Well, I did mention that my mother liked to embellish a tale. I should also point out that she was, shall we say, well into her anecdotage by the point at which she gave this interview. (I remember her telling me over the phone, ‘I had a lovely chat about you with some journalists today,’ and thinking, ‘Uh-oh.’)
So, just to straighten the record: I and my ill-fated twin weren’t born at home; we were delivered at North Middlesex County Hospital, as declared on my birth certificate. My mother, to the very best of my knowledge, buried exactly no bodies in our back garden, during wartime or any other time. And my twin, being stillborn, was unnamed. I owe my stage name to another source of inspiration altogether, as I shall relate.

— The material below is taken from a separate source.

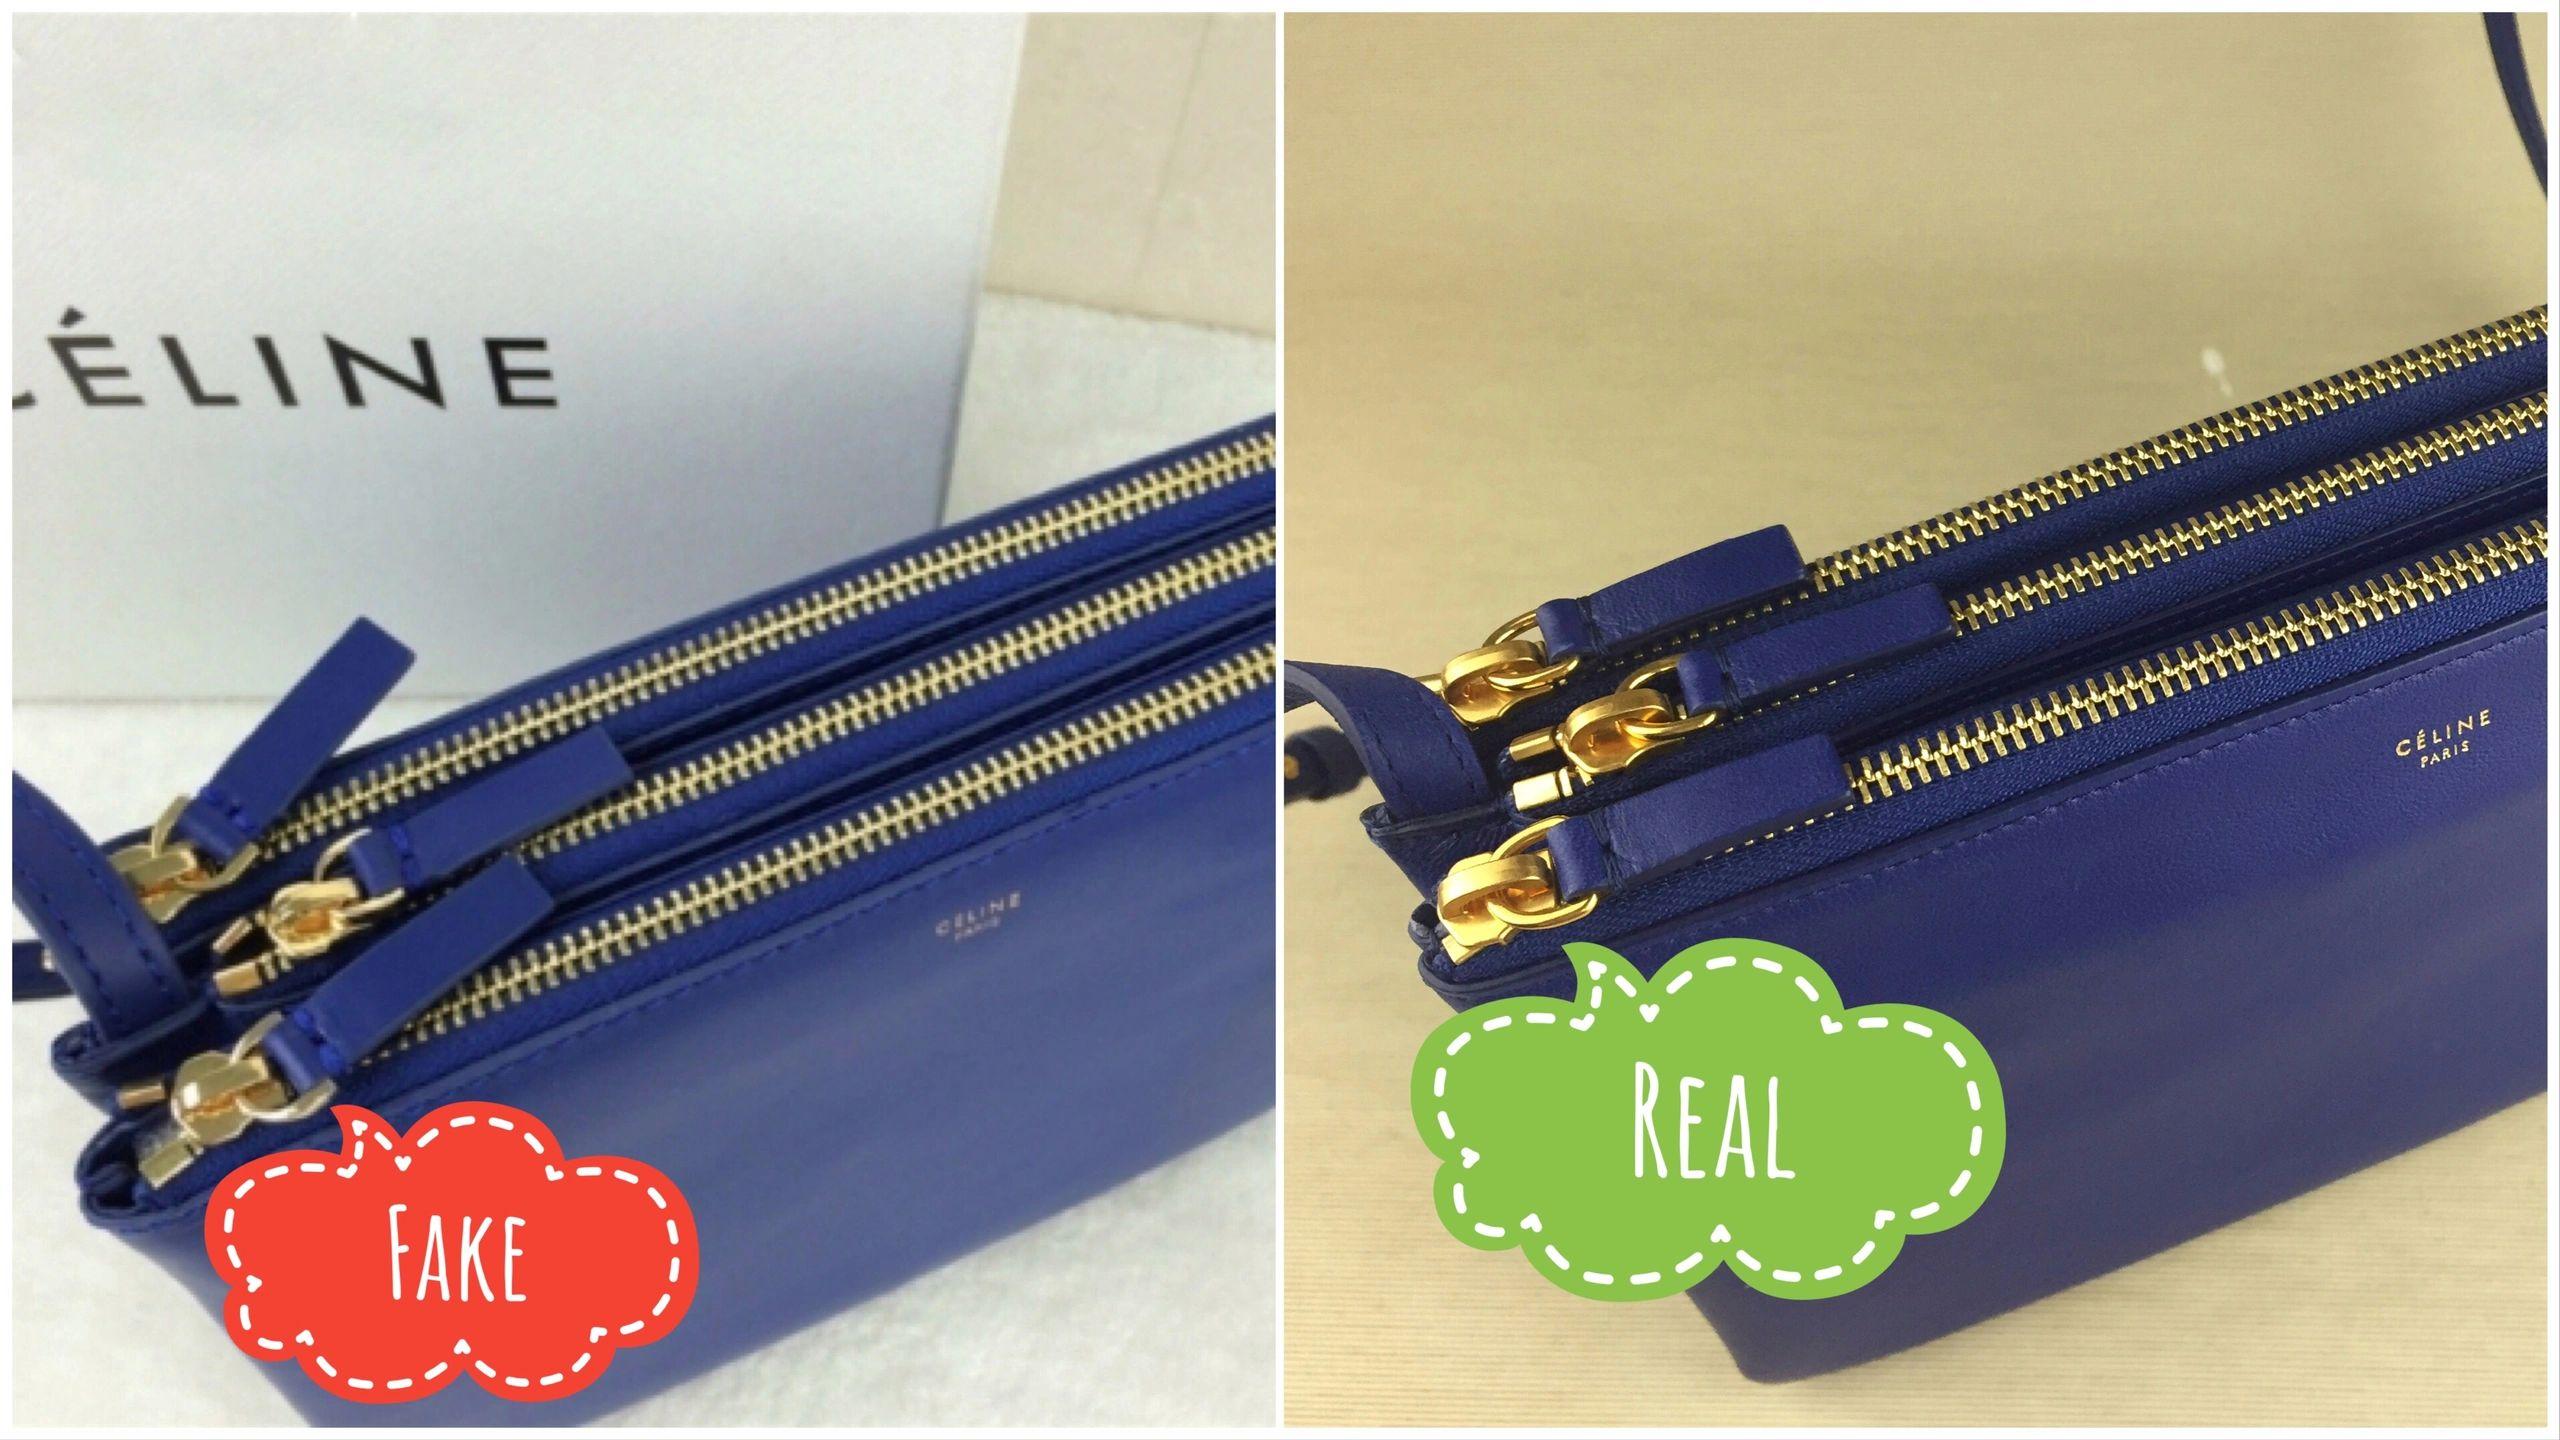 b2472d45e4 CELINE handbags authenticity guide - MONALISALIKES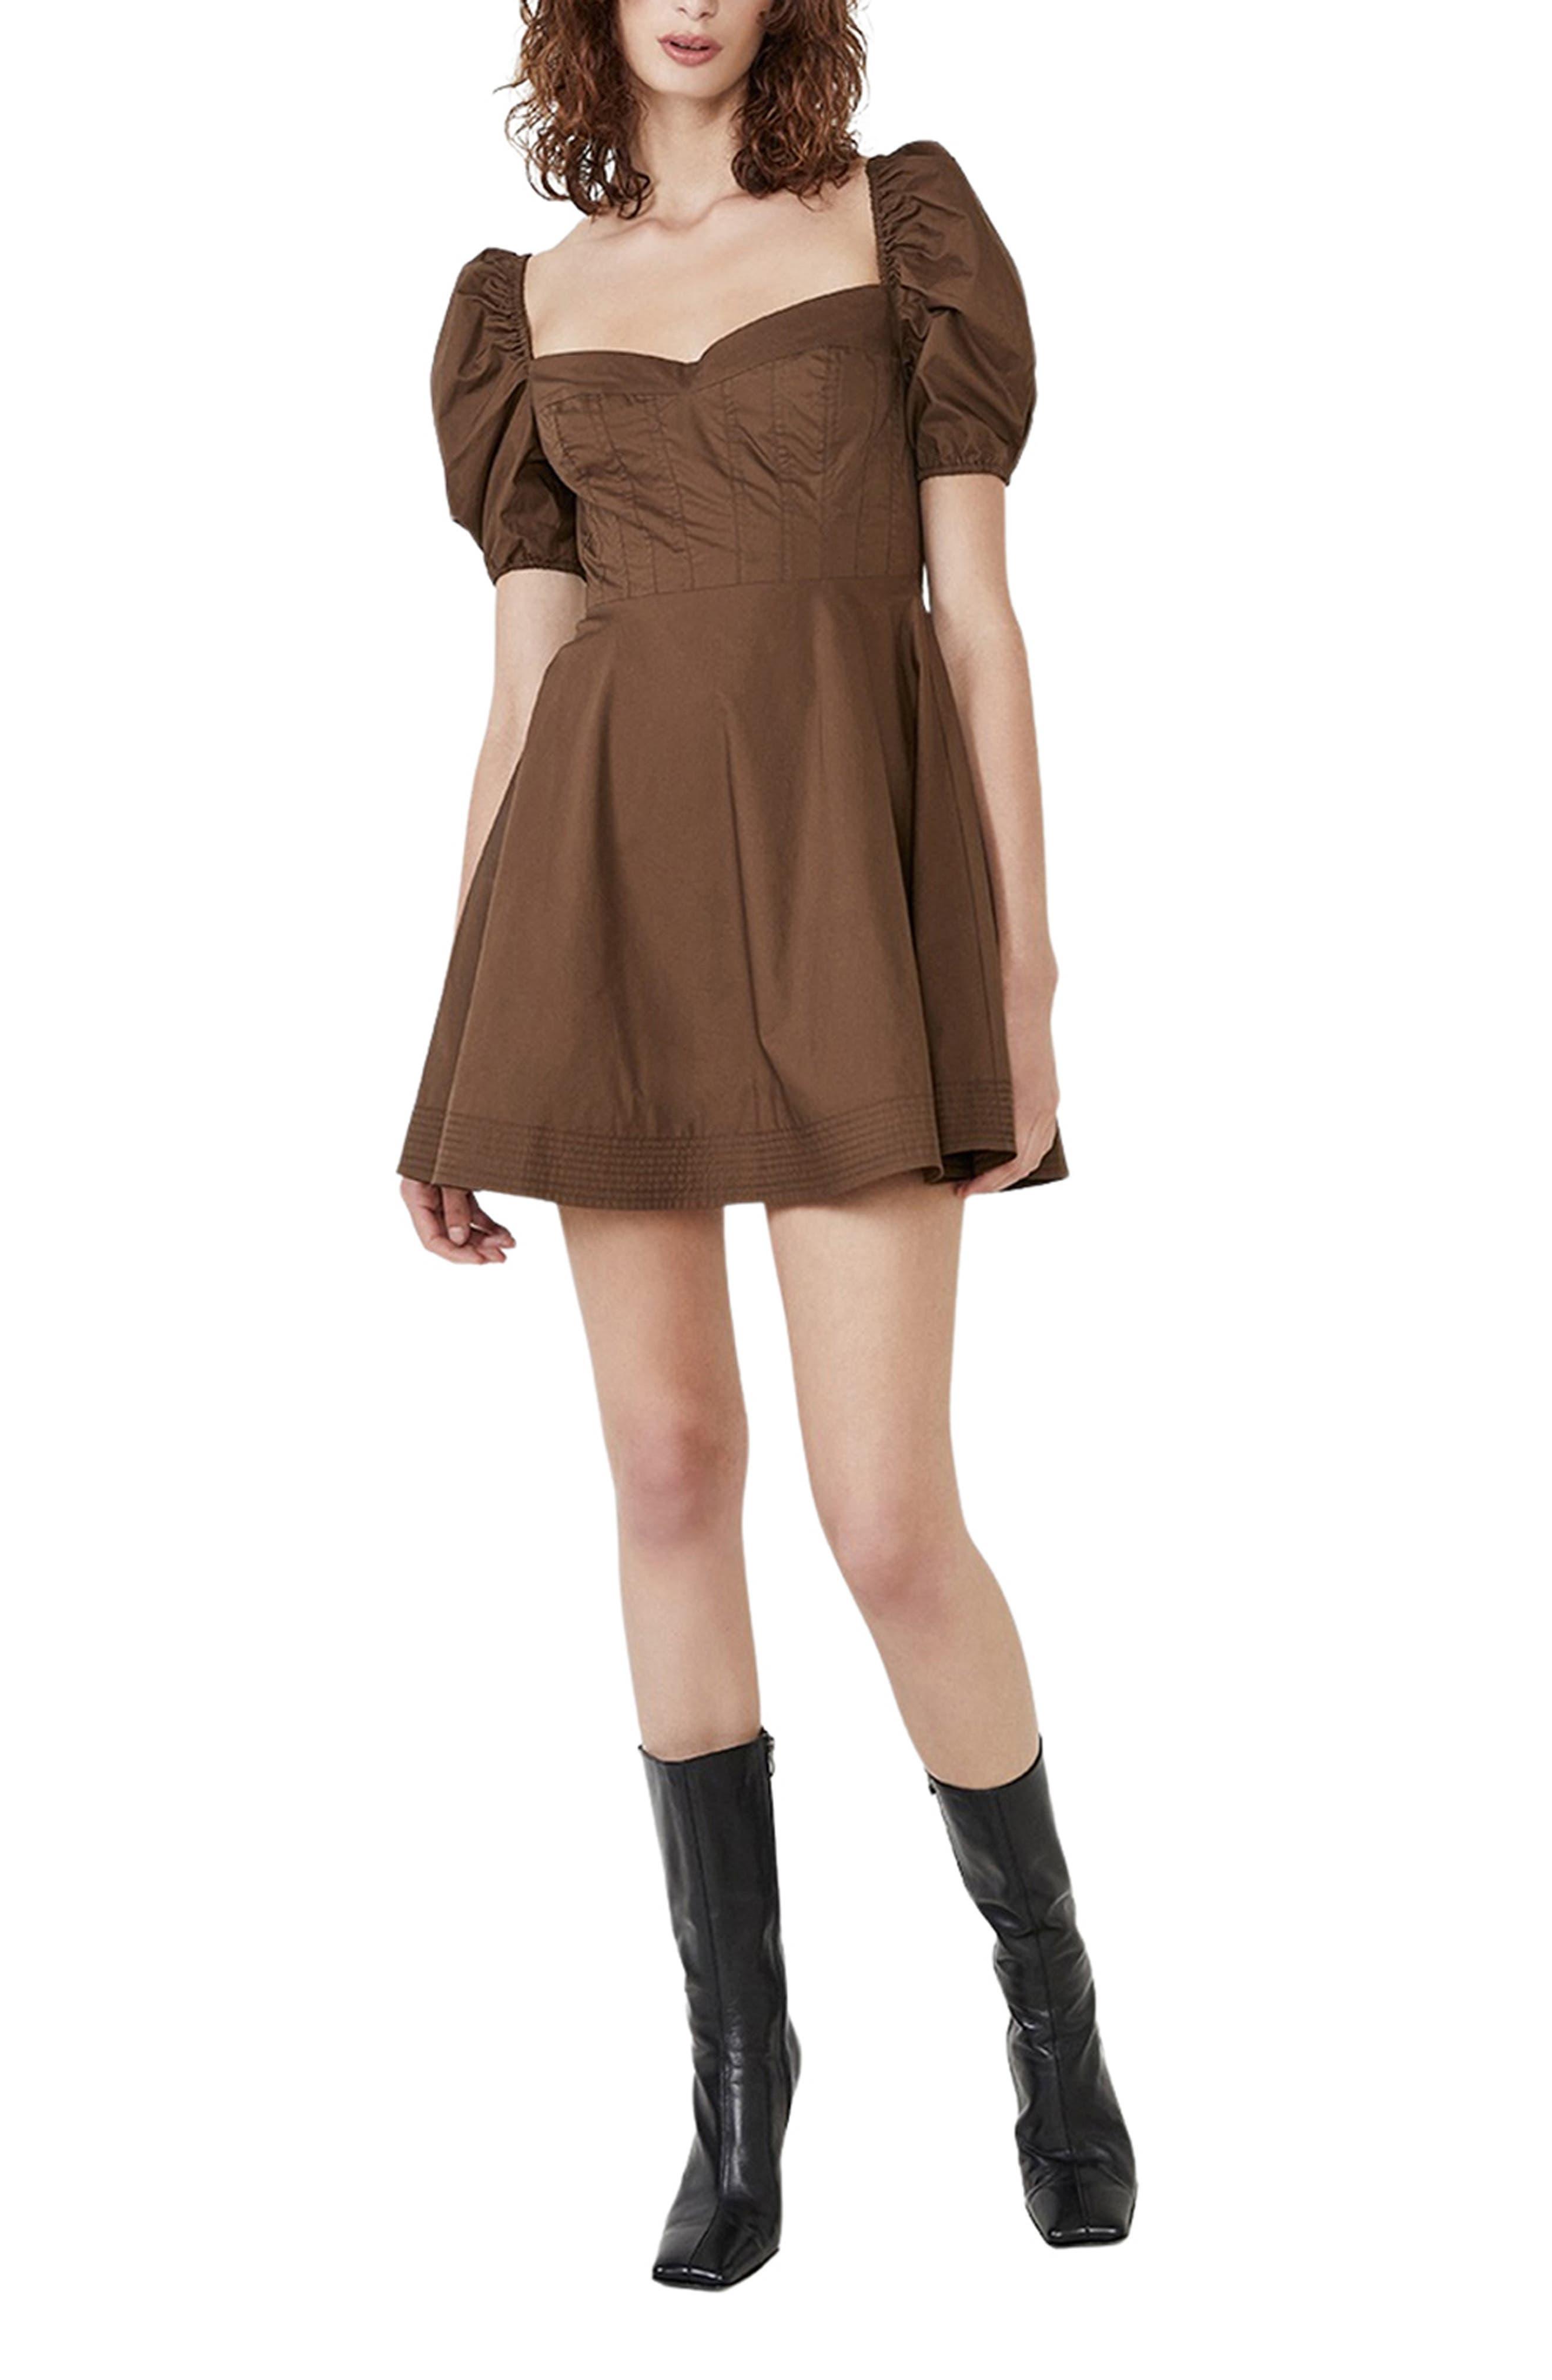 The Corset Puff Sleeve Cotton Blend Minidress

Now, it may well be that my parents were troubled by the baby they lost, and the life that never was, in ways that I wasn’t, and in ways that I never knew. I assume, at least, that they weren’t preparing for twins: in the absence of ultrasound scanning, the first they would have even known about my mother carrying two babies, rather than one, would have been at the birth. Did that make it easier to accept? I don’t know. I can only say that they always seemed entirely sanguine about what happened. Perhaps the times taught them to be so. After all, there was a war on. There was a lot of death about. People like my mother and father did what they could, and got on with being alive. And so did I.
* * *
N
O BAD TURN-UP
, of course, to have a fishmonger in the family during wartime. And no bad thing, either, to have an uncle who was a butcher. The war brought food shortages and strict rationing. Apparently, as a baby – in the absence of anything sugary or even a traditional dummy – I was given a carrot as a pacifier, so they must have been cheap and readily available. But like everyone else, my parents had to scrape and scratch to get what provisions they could, and anything extra was welcome. Which is why, one morning, after an air raid, Mrs Pressland called across the fence to my mother in a state of some excitement. ‘Mrs White,’ she shouted, ‘you’ve got a dead chicken on your roof.’
Now this was quite a coup. The unfortunate piece of poultry had obviously been flung up there during the night’s destruction – manna from the skies. It seemed unlikely that the chicken had been innocently blasted from a nearby coop – this was London, after all, where not a lot of people kept chickens. But maybe a butcher’s shop had copped it, or just some unfortunate household’s larder. Didn’t matter, really. The point was, a whole chicken would provide our family with at least two decent meals, and stew from the boiled-up bones – and with no resort to the ration book. (My mother, incidentally, made the world’s greatest stews, sometimes from almost no recognisable ingredients whatsoever, and proudly and defiantly took her recipe’s secrets to the grave with her.) So my mother eagerly rushed upstairs to the room my cot was in, looked out and begin to devise a plan to get this heavenly delivery down.